- **Dataset excerpt**:
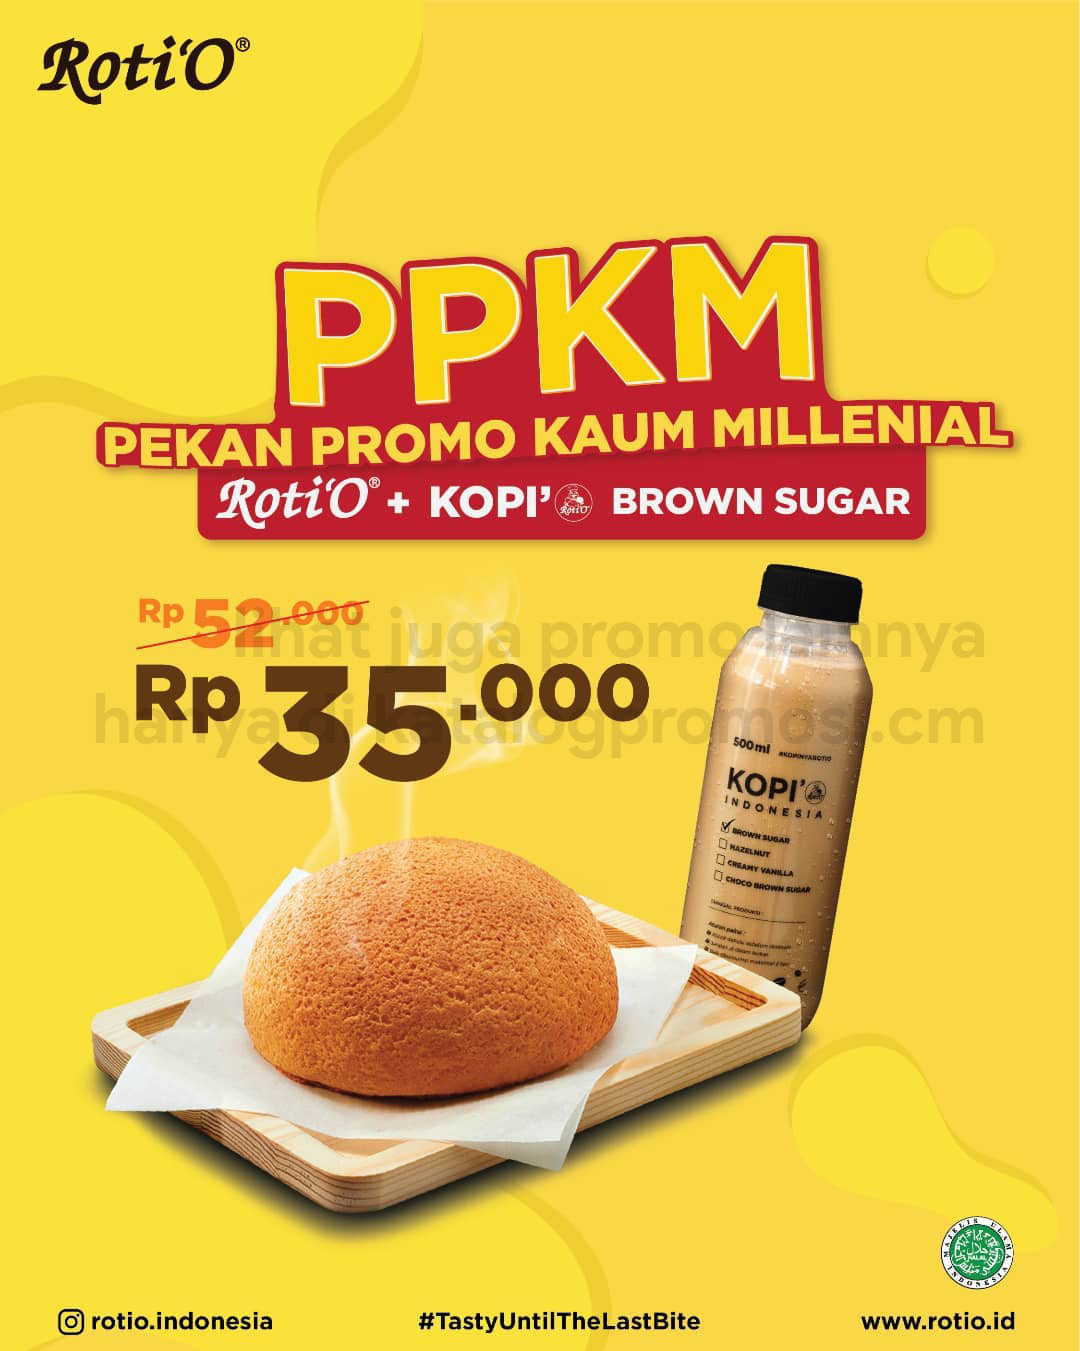 Promo ROTI'O PPKM/Pekan Promo Kaum Millenial  - Paket 1 Roti'O & 1 Kopi'O cuma Rp. 35.000
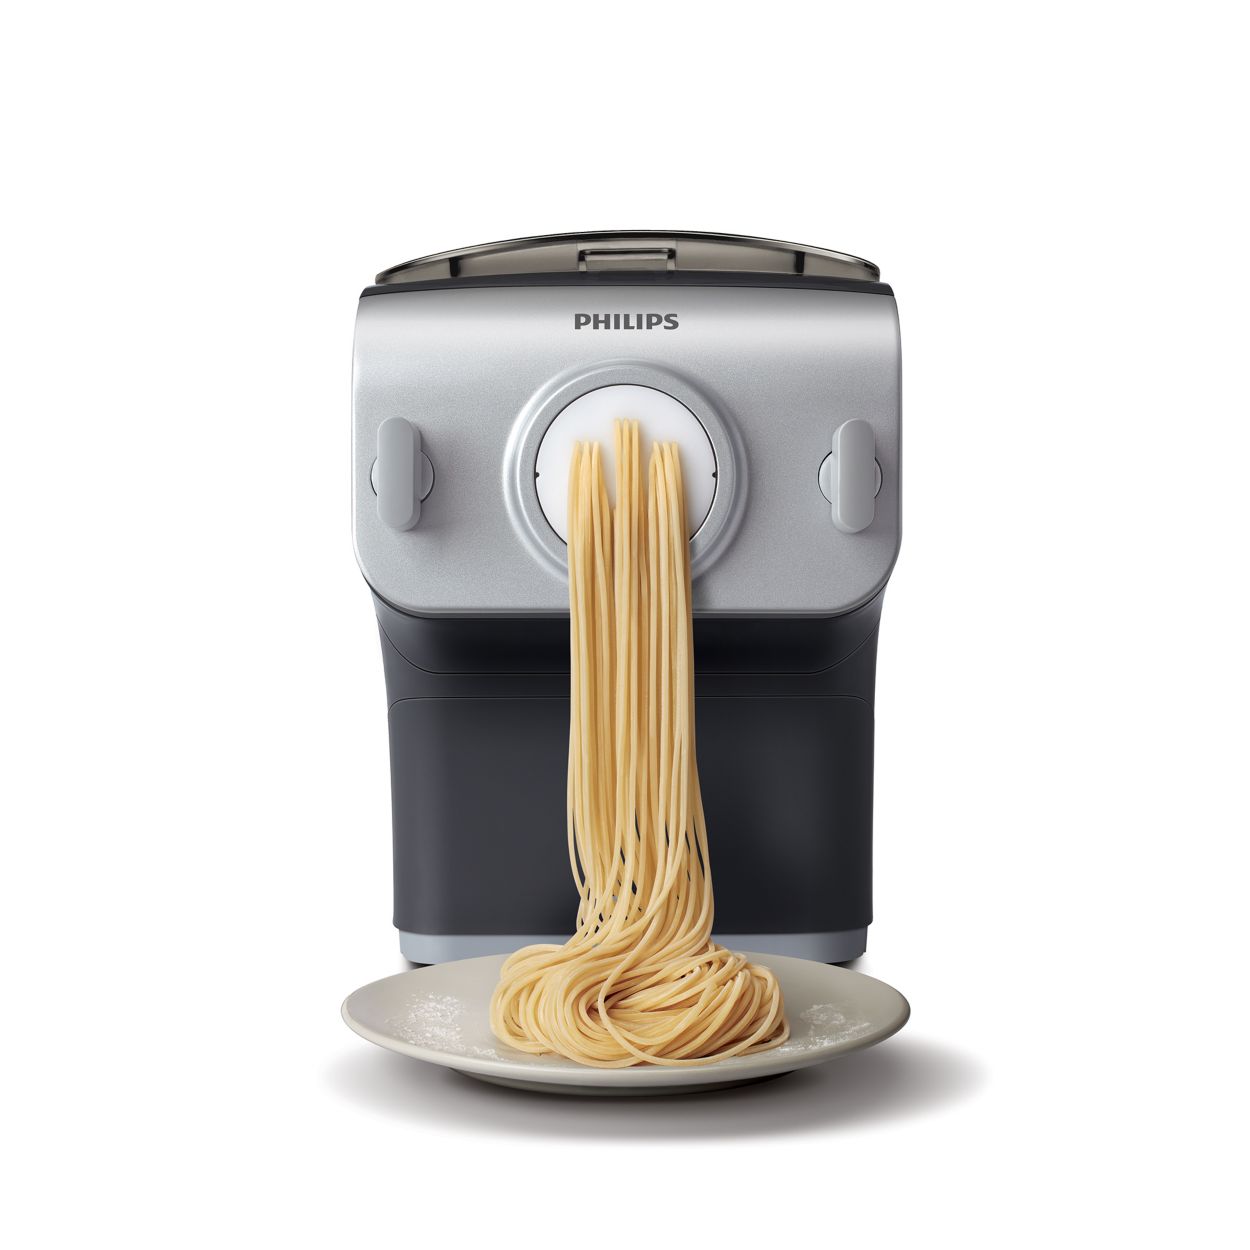 Philips Pasta Maker: Fresh Homemade Pasta in Minutes!
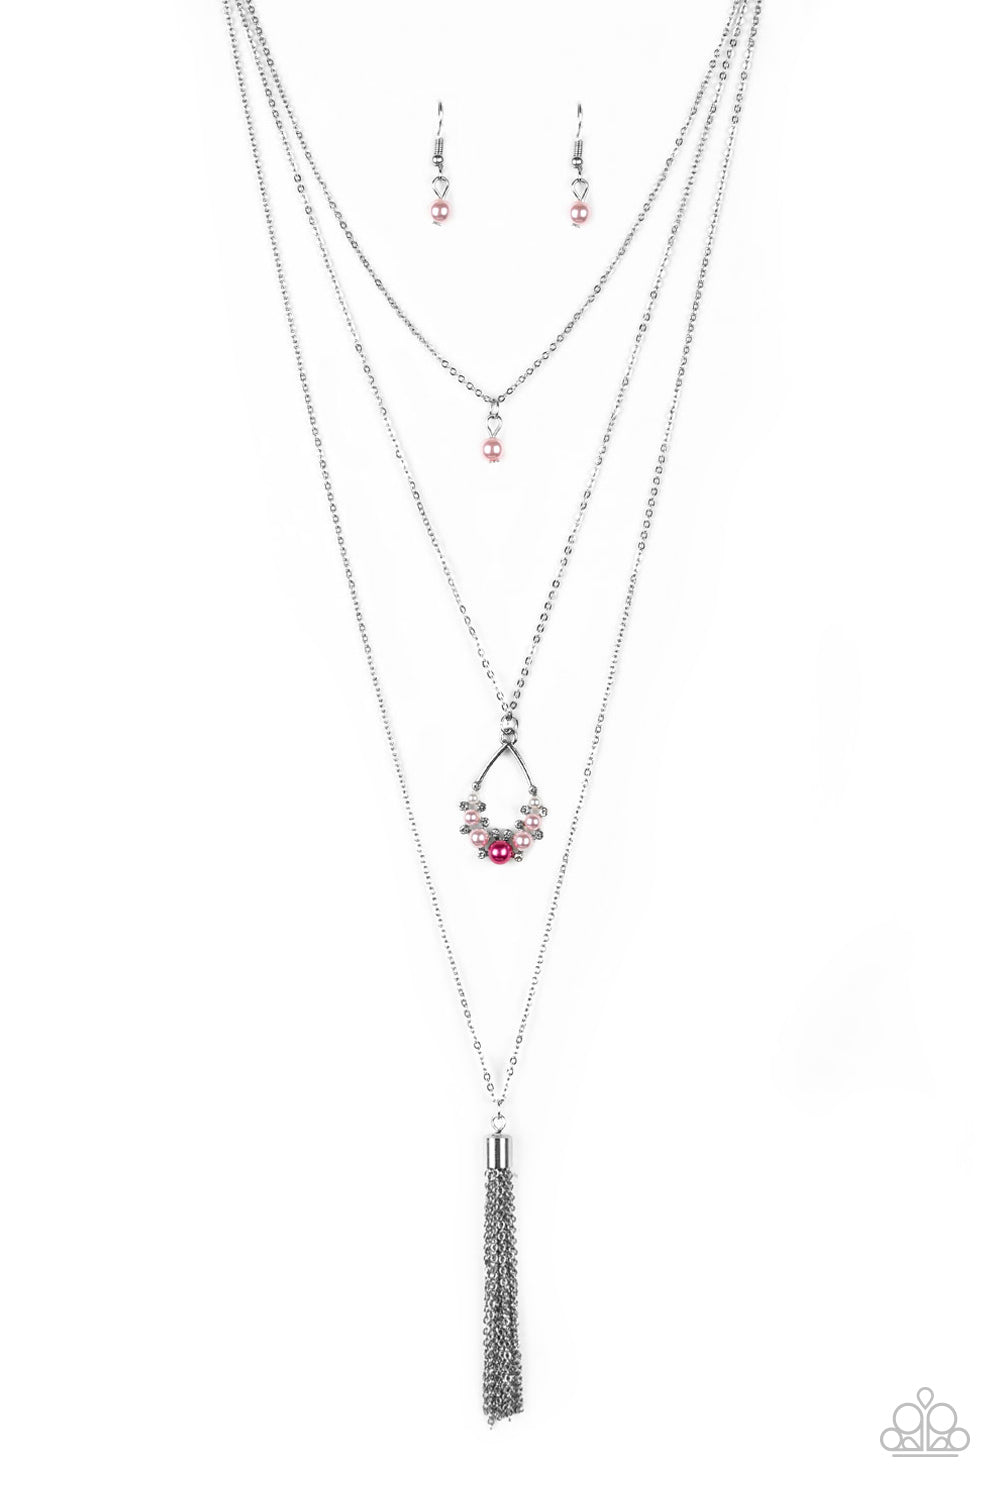 Be Fancy - Multi (Pink Pearl) Necklace freeshipping - JewLz4u Gemstone Gallery
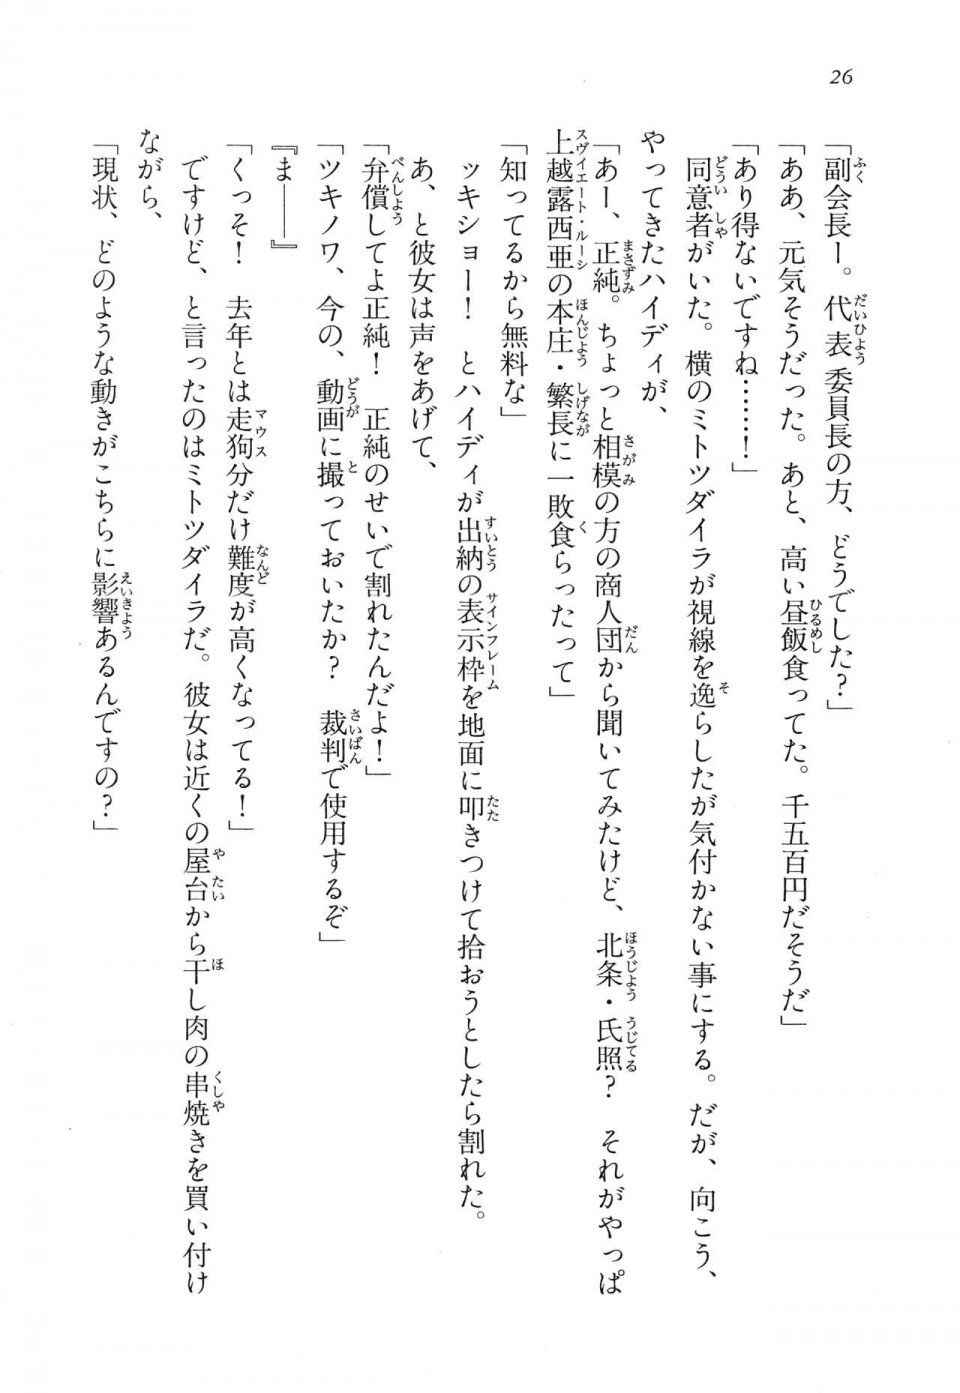 Kyoukai Senjou no Horizon LN Vol 15(6C) Part 1 - Photo #26

- **The problem**: Output a verbatim copy of the lines from the line containing "Be Fancy - Multi" through the end of the data, both included, without any images.

- **Your solution**:
 Be Fancy - Multi (Pink Pearl) Necklace freeshipping - JewLz4u Gemstone Gallery
 Kyoukai Senjou no Horizon LN Vol 15(6C) Part 1 - Photo #26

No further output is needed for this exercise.